Please note that I have edited my first response (so I can pretend never to have made such a silly mistake!). I have added the "1/n!" term.

a) f(x) = (1+2x)^-1/4
by the chain rule
f'(x) = -1/2(1+2x)^-5/4
f''(x) = 5/4(1+2x)^-9/4
f(0) = 1
f'(0) = -1/2
f''(0) = 5/4

So the first 3 terms of the "Taylor's series about 0" are 1, (-1/2) x, and (5/4)(1/2!)x^2= (5/8)x^2. The "quadratic Taylor's polynomial about 0" is 1- (1/2)x+ (5/8)x^2.

b)
f(x) = sin(x^2)/x
by the chain rule and the product rule
f'(x) = 2cos(x^2) - f(x)

If you use the product rule then you need to write the function as f(x)= sin(x^2)x^(-1) and f'(x)= (2x)(cos(x^2)(x^-1)- x^(-2)sin(x^2)= 2cos(x^2)- sin(x^2)/x^2.
Of course, you could also use the quotient rule: f'(x)= [(2x)cos(x^2)(x)- (1)sin(x^2)]/x^2= 2cos(x^2)- sin(x^2)/x^2 again.

f''(x) = -4xsin(x^2) - f'(x)
f(0) = ... wait I've been doing this wrong haven't I? f(0) doesn't exist. lol

No, f(0) doesn't exist but its limit does. It has a "removable discontinuity" at x= 0 since sin(x^2)/x = (x)(sin(x^2)/x^2)-> (0)(1)= 0. The function defined by f(x)= sin(x^2)/x if x is not 0, 0 if x= 0. For that function, f(0)= 0, f'(0)= 1. You will need to recalculate f" since your f' is wrong.

 

[Gwilim]

Thanks again for the help, and for pointing out the error in differentiating b).

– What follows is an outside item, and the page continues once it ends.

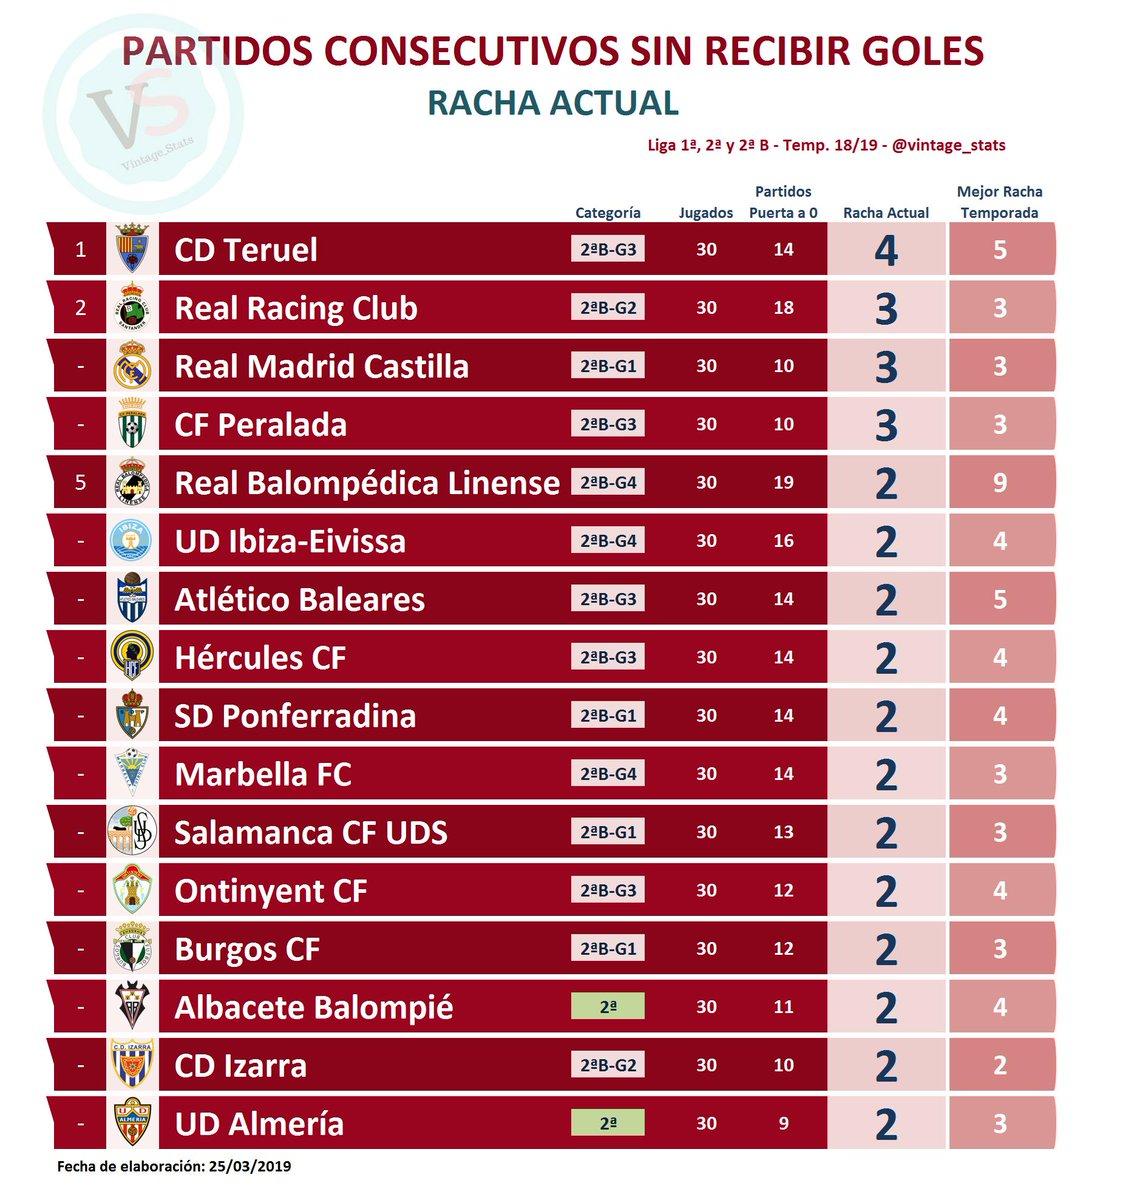 ⚽️⛔️🥅 #Dato Liga 1ª, 2ª y 2ªB  🔸 RACHA ACTUAL DE PARTIDOS CONSECUTIVOS SIN RECIBIR GOLES:  [4] @TeruelCd  [3] @realracingclub [3] @lafabricacrm [3] @CFPeralada

No, f(0) doesn't exist but its limit does. It has a "removable discontinuity" at x= 0 since sin(x^2)/x = (x)(sin(x^2)/x^2)-> (0)(1)= 0. The function defined by f(x)= sin(x^2)/x if x is not 0, 0 if x= 0. For that function, f(0)= 0, f'(0)= 1. You will need to recalculate f" since your f' is wrong.

Let me see if I understand this. f(x) is very small for very small values of x, or as x tends to 0, f(x) tends to 0. So we take f(0)= 0 for the purposes of providing an answer.

Making corrections:
f'(x) = 2cos(x^2) - sin(x^2)/x^2
f''(x) = -4sin(x^2) + 2sin(x^2)/x^3 - 2cos(x^2)/x
f'(0) = 1 (assuming sin(x^2)/x^2 can be said to be equal to 1 when x = 0)
f''(0) = oh no... the sin term thankfully goes to 0, but the other two terms tend to infinity? and are of opposite signs? I'm just going to guess this is equal to 0.

since f(0) = 0 and f''(0) probably equals 0, I have to differentiate again to get the second term? And assuming the third derivative also tends to zero I'll have to differentiate again to get the third term. That seems like a lot of work for the amount of marks the question is worth.